• _TASK_: In the copy, keep every line below as it is and leave out the pictures.

• _SOURCE MATERIAL_:

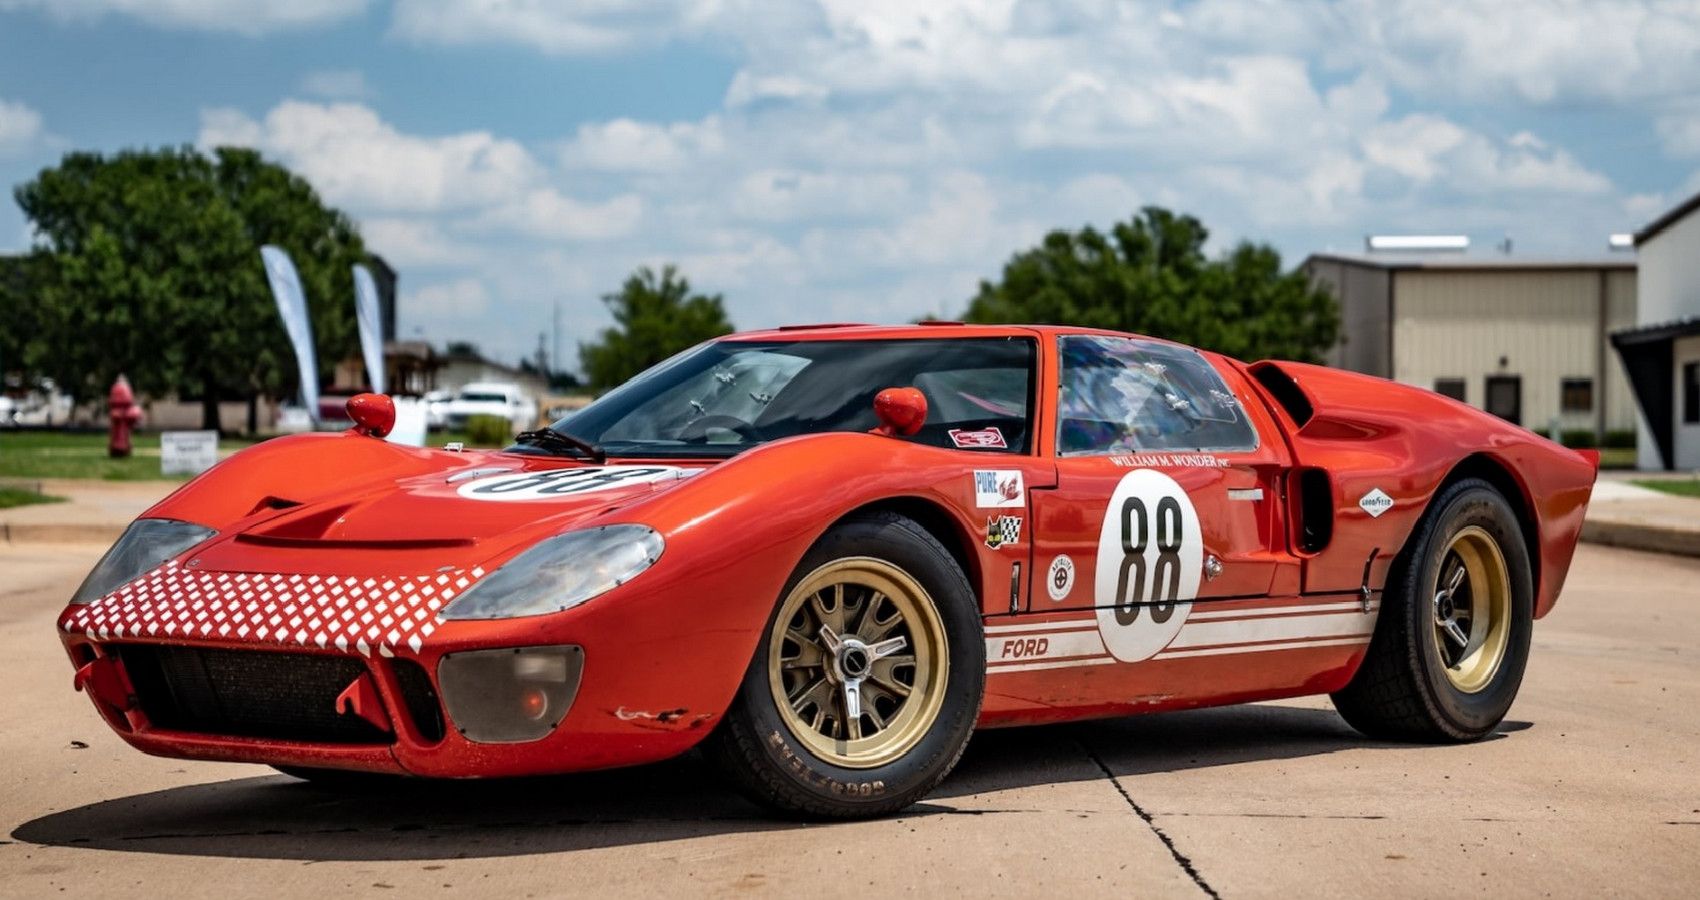 These Are The Coolest Replica Kit Cars On The Market Right Now
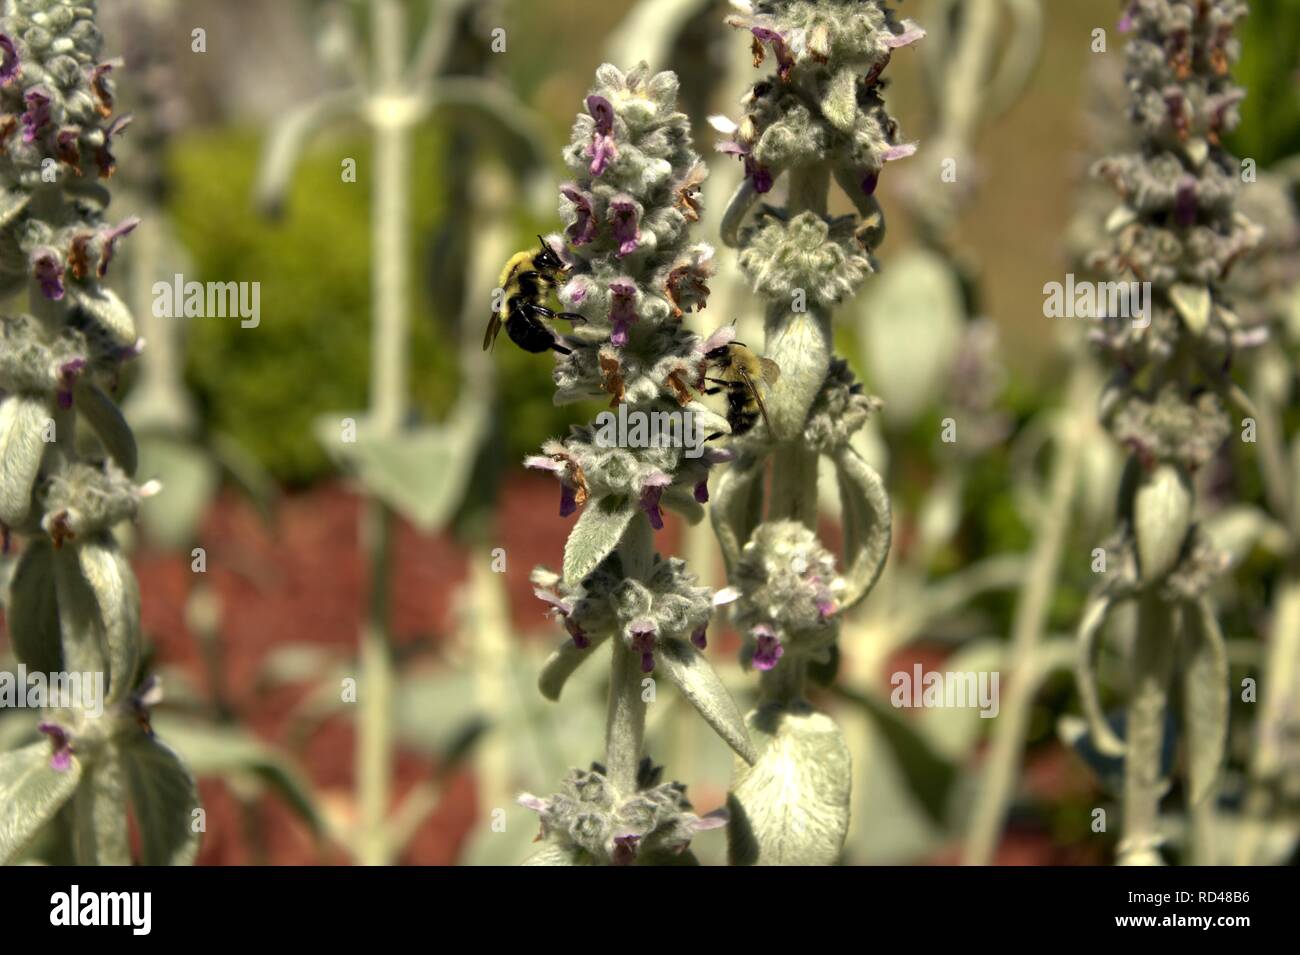 Two Bumblebees On Lamb's Ear Stock Photo
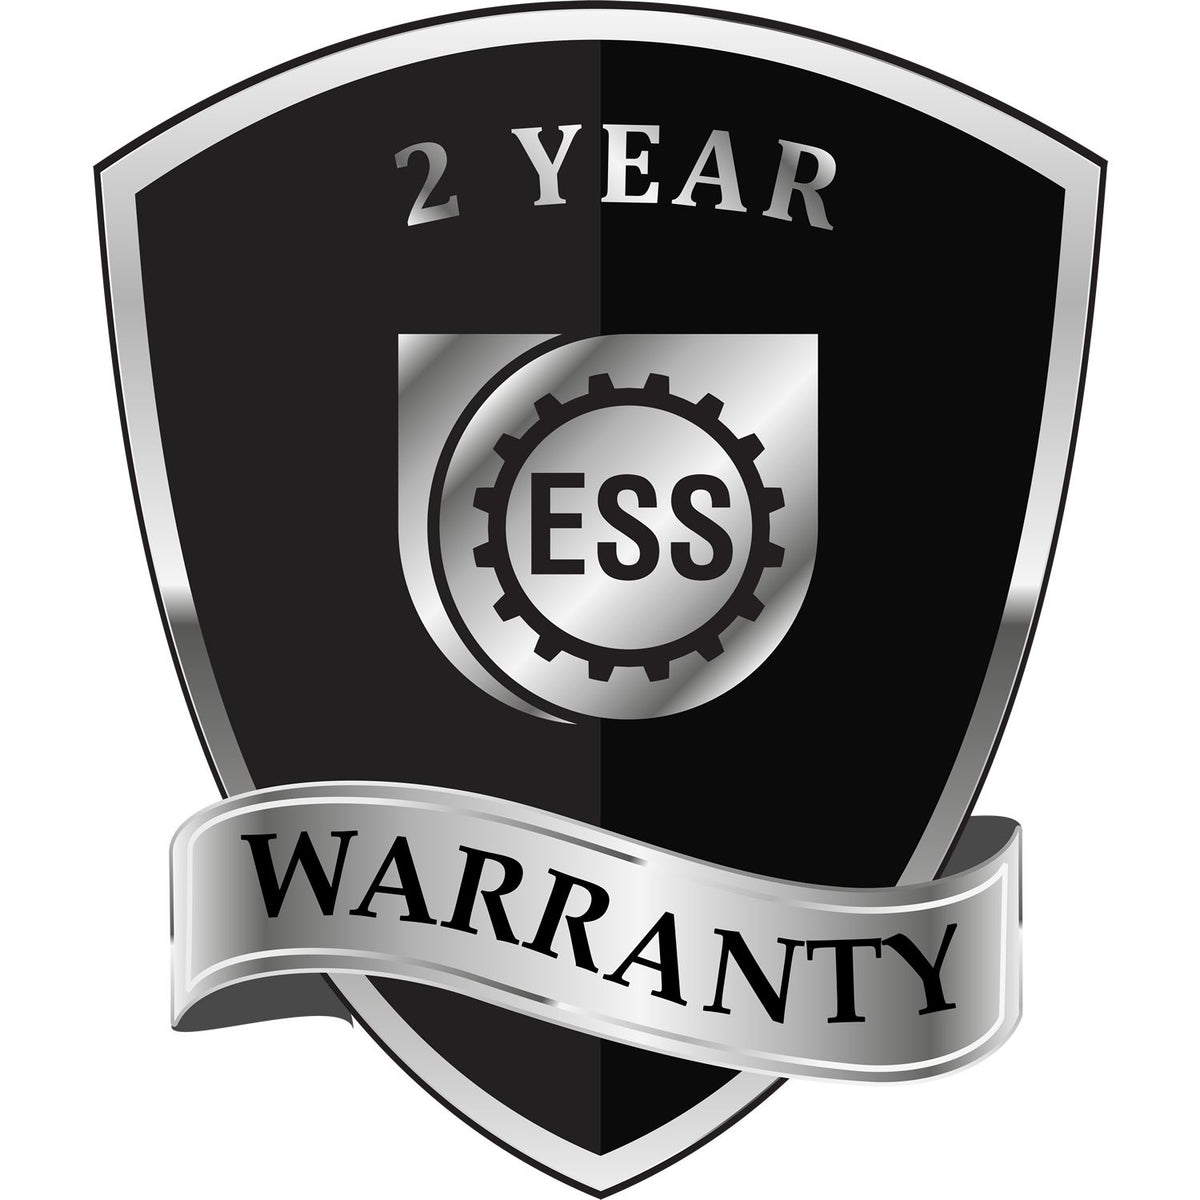 A badge or emblem showing a warranty icon for the State of Alabama Extended Long Reach Engineer Seal

• _ANSWER SPACE_:
 These Are The Coolest Replica Kit Cars On The Market Right Now
 Two Bumblebees On Lamb's Ear Stock Photo
 A badge or emblem showing a warranty icon for the State of Alabama Extended Long Reach Engineer Seal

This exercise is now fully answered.